I'm talking about AFTER you surpass the KNOWN numbers. When you are 25% or beyond that point, then it all becomes unuseful.

Paul


----------



## mdshunk (Mar 13, 2005)

mdshunk said:


> I've gotta admit, it is an attractive model. What I want to know is if it works? Lots of concept cars never make it to production.


I still have this question. Does this concept work?


----------



## Paul Burns (Jan 17, 2006)

mdshunk said:


> I still have this question. Does this concept work?
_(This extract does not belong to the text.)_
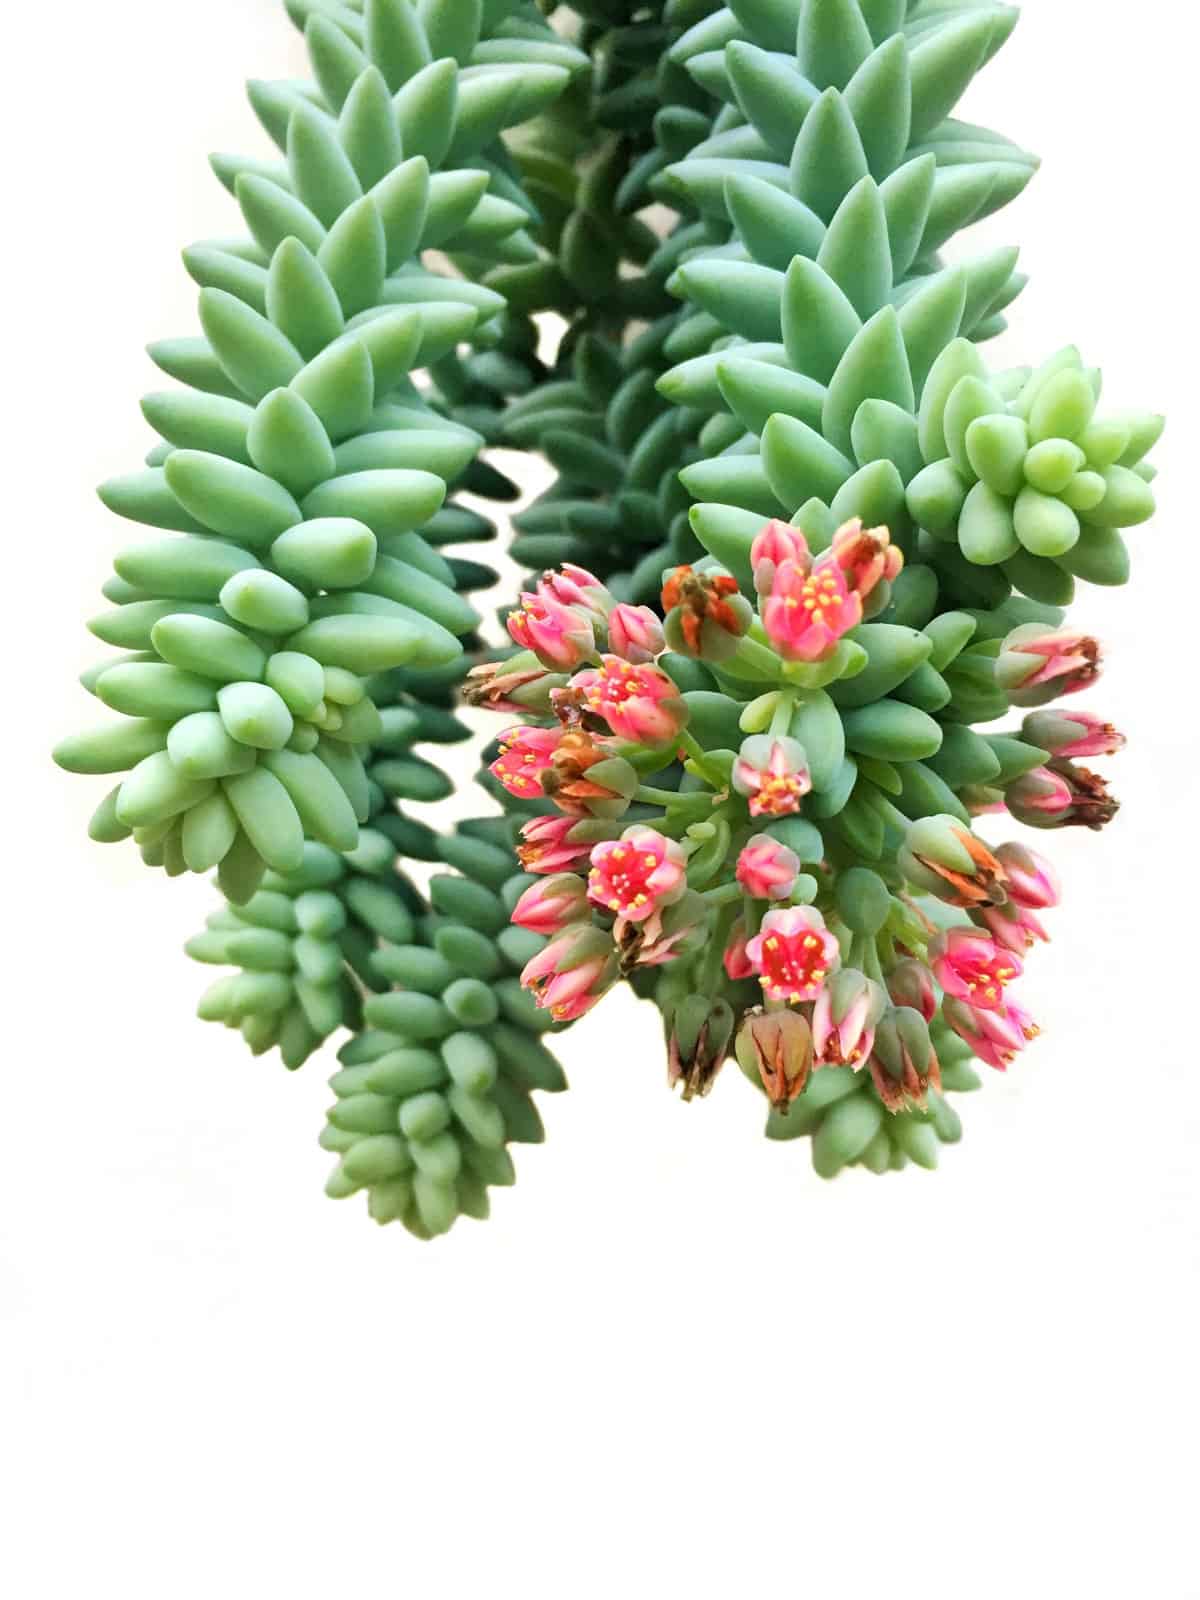 Gorgeous Burros tail with blooming bright pink flowers

Yes, they are FACTS, not concepts anymore.

They work like a CHARM!

Paul
p.s. Short and concise!


----------



## Guardi Pro (Mar 15, 2006)

That's info is all great but tell me this. You stated your pricing should be double of the low ballers. Then how do we get the work? In our area we have vans of immigrants that will work for 6 to 8 bucks an hour. They have signs up rooms painted for $99 dollars. And you think our company can charge more than $25 an hour. Not going to happen. 
*SEE MY POST ON 2ND PAGE OF THREAD: IN ANSWER TO A CLOSED.*


----------



## donb1959 (Dec 9, 2004)

I understand the concept of maximizing your price per job. I think we have done that in our area. This area too is wall to wall paint contractors. We market quality and professionalism, and this is why we generally run middle to top on our prices. But if I go out and try to double what others are bidding I'm not going to land jobs. I know the saying work less, and make more, but we also need a steady inflow of jobs.


----------



## Gordo (Feb 21, 2006)

Grumpy said:


> I agree, I just didn't want people to go out there thinking they could make a ton of $$$ charging at $45 an hour. Some can and some can't, that's all.
> 
> Wait a minute here... If you charge $45 an hour for your work, and your 2 "in the bucket" guys are earning $30 an hour, that only leaves $30 an hour for your 1 "out of the bucket" guy. By my math after you subtract the overhead and so forth that out of the bucket guy would be better off working at Mc Donalds.
> 
> ...


I was doing the math in my head earlier and it did not make sense to me either Grumpy.

This is assuming the out of the bucket guy is taking care of OH, taxes, WC, payroll, etc.

I like the business model Paul.

Personally, I think one can make a whole lot more money than Paul says.

With all the talk around here about closing percentages, I would like to say mine is very low (10%) compared to everybodys.

Pauls model will work to get the foot in the door, but eventually the rates he stated will have to double (as a percentage) to really live and run a 'comfortable' business. I know this from personal experience. My business is legit. Now other guys I know who do not pay taxes, WC, and aren't licensed are a different story. They can afford to charge half of what I charge.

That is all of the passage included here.